By Heather Cox Richardson from Letters from an American
November 21, 2020 (Saturday)
The image of a political leader insisting he deserves a crucial leadership role he has little interest in filling echoes South Carolina Senator James Henry Hammond in 1858. Hammond stood up on the floor of the Senate in the midst of the sectional crisis and told his colleagues he had not studied the issue that was tearing the nation apart, but felt able to vote on it anyway. He would simply vote as his southern friends did, he said, because they were leaders and he trusted them to have done the work he hadn’t. In any case, it didn’t matter much what anyone said, according to Hammond, because the Constitution had limited the government so it could do nothing but protect property. Even if an overwhelming majority of Americans wanted the government to do something more expansive, it could not.
Hammond went on to explain that men like him and the other white slave holders who directed the Democratic Party in his era belonged at the top of society. They were naturally supported by the masses, whom he called “mudsills” after the timbers driven into the ground to support the plantation homes above. “In all social systems there must be a class to do the menial duties, to perform the drudgery of life,” he explained.

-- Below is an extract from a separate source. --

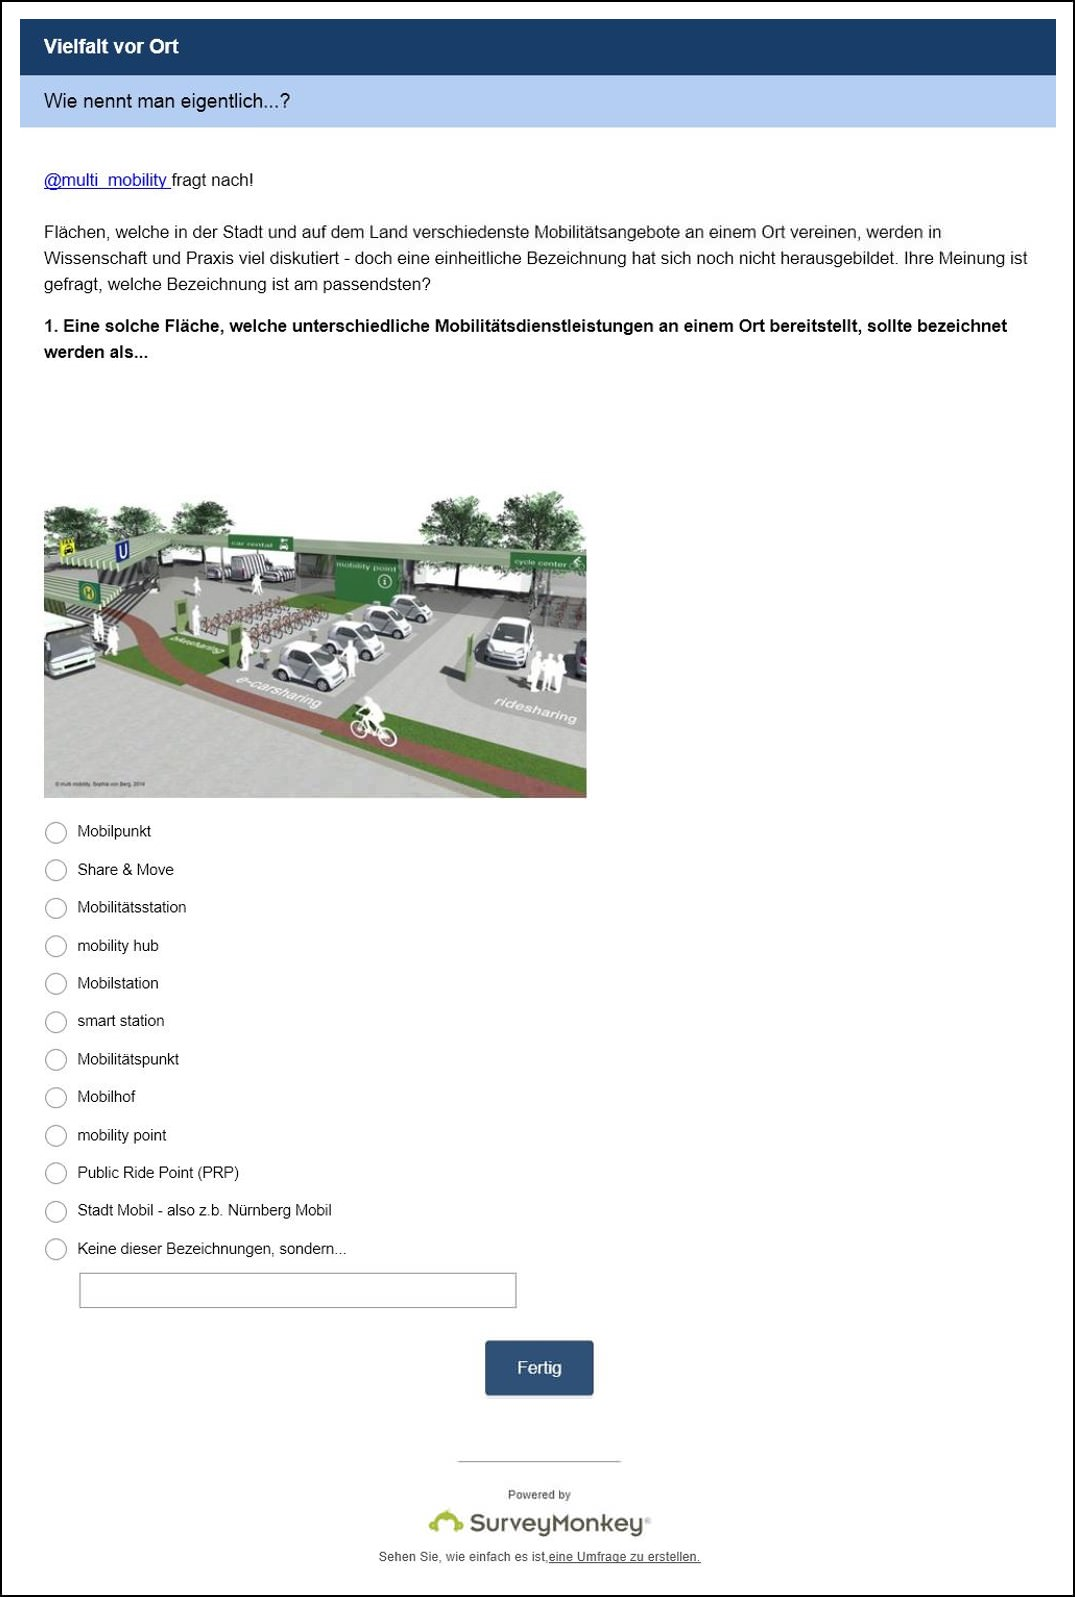 Mobilität vor Ort Mobilitätsstation mobilpunkt
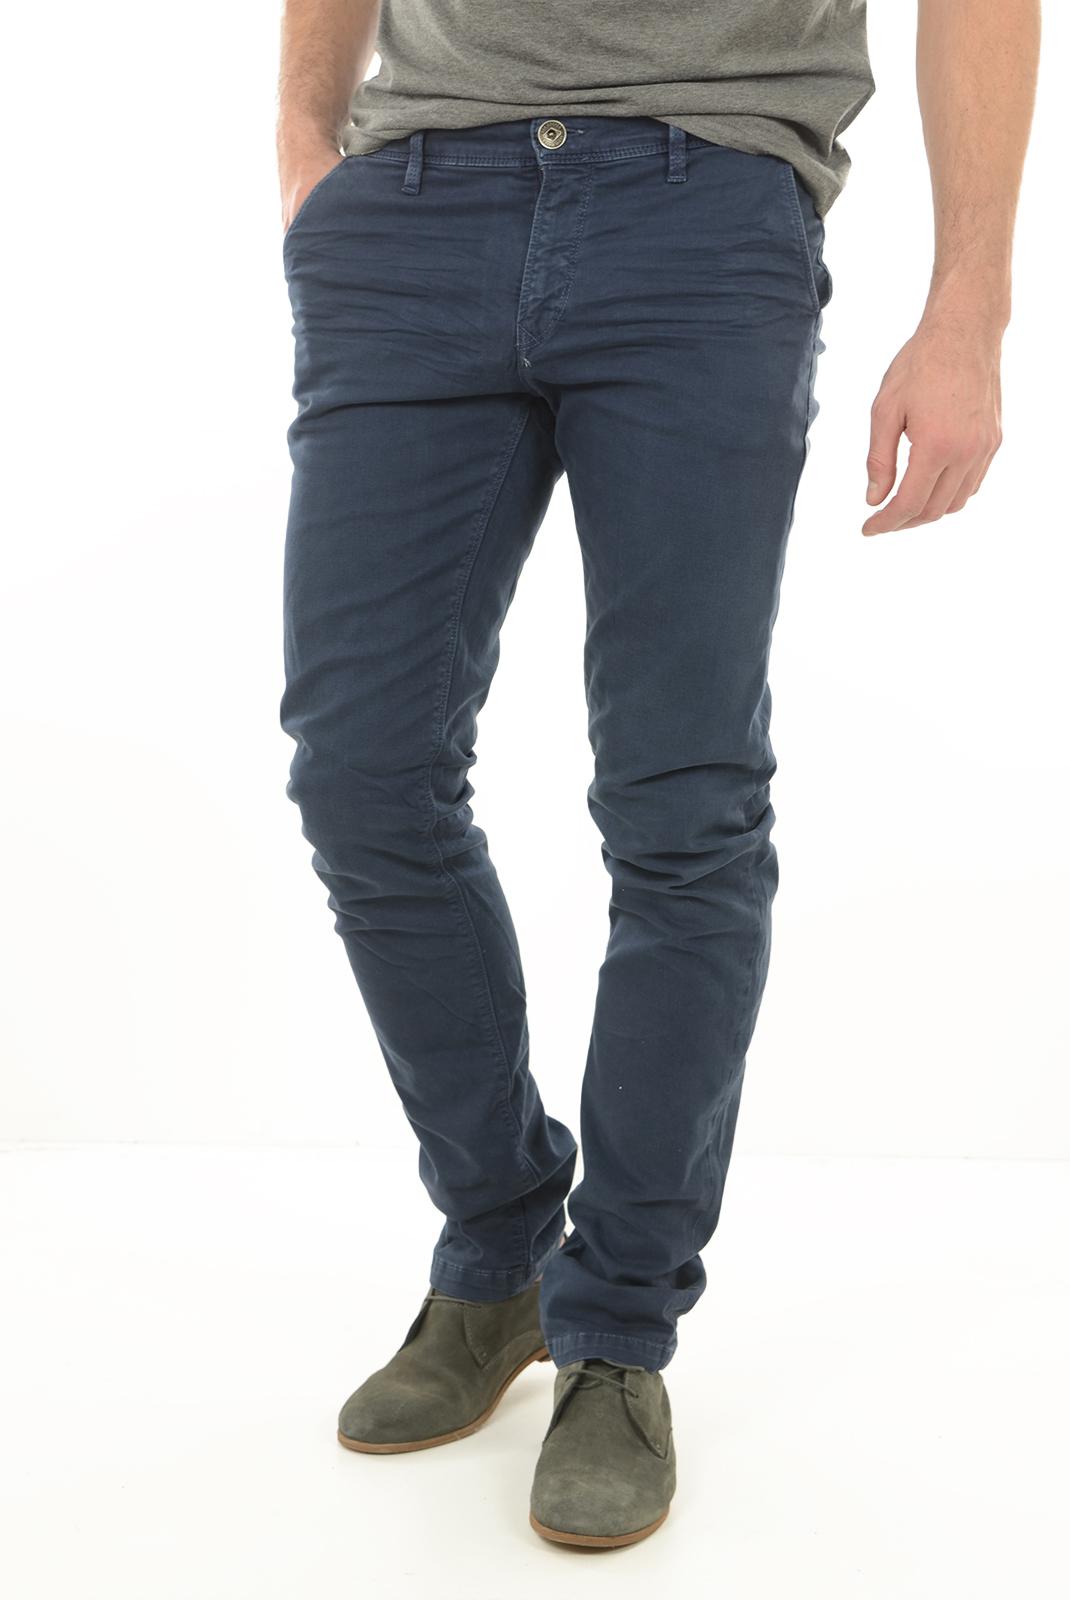 Homme Lee Jeans Pantalon Svpumz Chino Bleu Cooper 5jRL43A

Those people were dumb and unskilled, but they were strong and loyal. So long as their betters directed them, the mudsills would labor effectively, producing capital which moved upward and permitted “that other class which leads progress, civilization, and refinement,” to move the country forward.
Elsewhere, Hammond made his principles clear: “I repudiate, as ridiculously absurd, that much-lauded but nowhere accredited dogma of Mr. Jefferson, that “all men are born equal.” In his mind, Hammond belonged in the Senate because he was a member of the ruling class.
The following year, aspiring politician Abraham Lincoln answered Hammond with the vision that would become the intellectual underpinning of the newly formed Republican Party. Lincoln rejected the idea that society moved forward thanks to the efforts of a few rich men. He denied that most people belonged to a lower, menial class into which they were, as he said, “fatally fixed” for life.
Instead, Lincoln argued that, if properly organized, society progressed thanks to the hard work and innovation of ordinary men. While rich men had no incentive to think up new ideas, he said, ordinary Americans worked and innovated so they could provide for themselves. As they did, they made more money than they and their families needed, so they would use the surplus to buy goods that would support merchants, shoemakers, and so on. In turn, those people would work hard and accumulate capital, which in turn would support a few financiers and industrialists, who would use their own accumulated capital to hire men just starting out, and the cycle would begin again. The heart of the system was not wealthy men, but hardworking ordinary ones.
Central to this system was government’s guarantee that all men were equal before the law and that all men had equal access to resources. This meant that the government must not protect the very wealthy. It would require a government that did more than protect property; it must keep the economic playing field between wealthy men and ordinary men level.
These two versions of America appear, once again, to be on the table.